EZCosplay, an online cosplay retailer that also maintains a Facebook page with 297,000 likers, organizes a contest called Project ezCosplaya where cosplayers from all over the world are invited to submit a photo to be posted to a special album. The winners, decided by cosplay judges, a photographer, and the amount of likes a photo has, receive promotion on their page.

Otaku House, a site about cosplay, runs another popular cosplay contest – “Cosplay Idol” – where photos must be Facebook like’d or Google +1′ed to count as votes. The 1st, 2nd and 3rd place prizes are hampers of cosplay, gifts, and novelties, varying in worth from $200-$500.

Photo by Flickr user Sean MacEntee

Cosplayer Hideyo Mochimo, who has cosplayed since thirteen, has participated in Cosplay Idol for three years, Project ezCosplaya since its inception this March and several other online cosplay contests.”I want to get my name out there as one of my goals is to be cosplay famous. And I like getting the feedback and comments on my costumes,” said Hideyo Mochimo.

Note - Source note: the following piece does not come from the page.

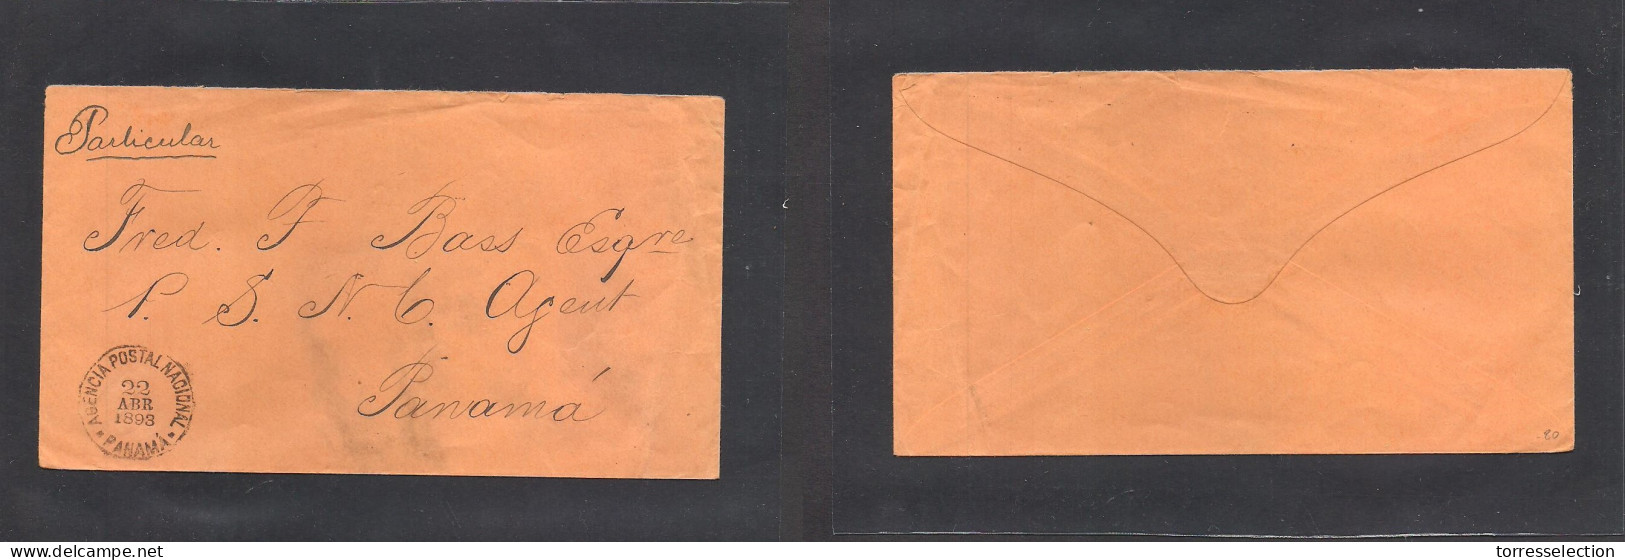 PANAMA. 1893 (22 April) APN Panama. Local Usage Free Mail To Fred Bass /PSNC Agent Cds. XF. - Panamá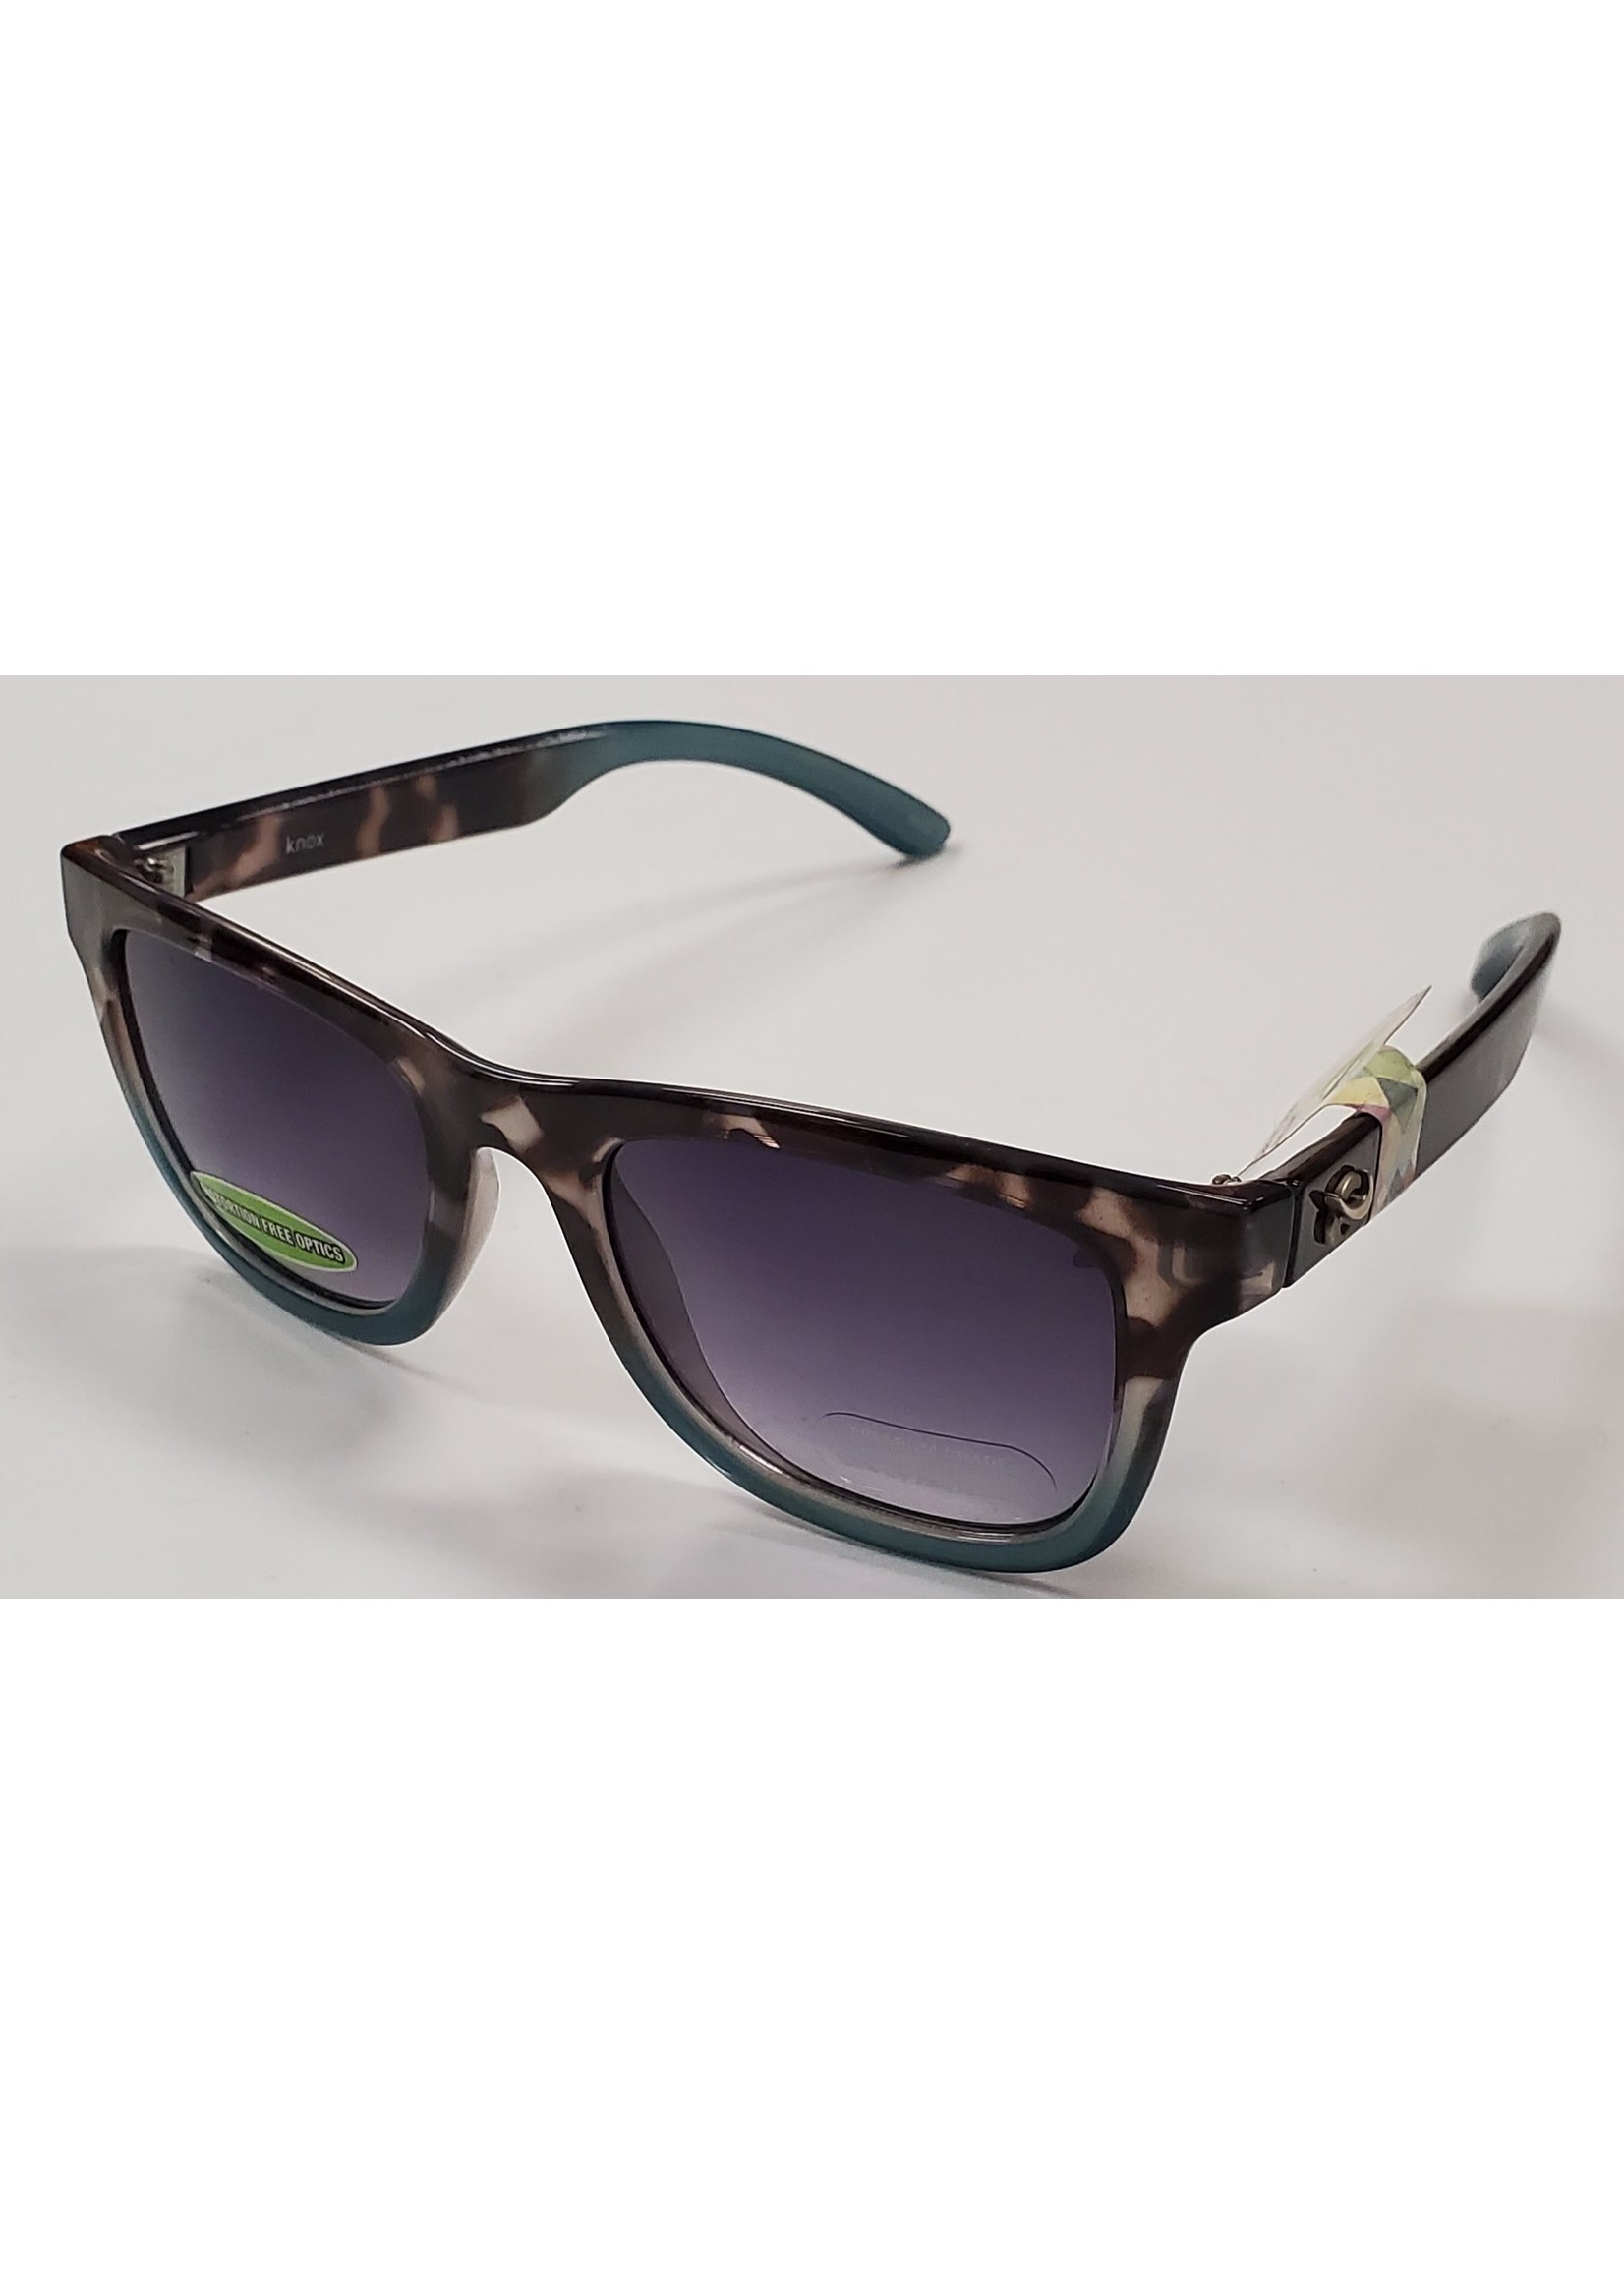 Urban Element Urban Element Premium Sport Sunglasses Women's Knox

Another cosplayer, LoneWolf, from the 19-strong cosplay team Wolf Pack Cosplay, has also participated in the two contests. A cosplayer since 2010, he believes that the cosplay contests have both good and bad sides to them.

“[The best thing] is knowing that there people out giving praises to your cosplays… [the] worst, having people comment crap about the cosplay,” said LoneWolf.

While it has been said that submitting photos to a public forum such as Facebook invites both praise and criticism, what many cosplayers have noticed with online contests is the large amount of negative feedback found on cosplayer photos.

“There is a massive backlash of comments fighting back and forth on the participants entry for the contest. [They make me] uncomfortable and offended, and a bit angry as well,” said LoneWolf.

Hideyo also recognizes the extreme negativity of the comments sections for contest entries.

“People say the most horrible things just to hurt people and it’s stupid. Usually people just ‘like’ things as opposed to commenting, and when they do comment it’s usually just like, ‘great!’ Or the oh so negative, ‘You’re too fat for this character.’ It hasn’t enlightened me at all,” said Hideyo.

Another point that Hideyo found troublesome about cosplay contests is how she thinks they are unfairly balanced.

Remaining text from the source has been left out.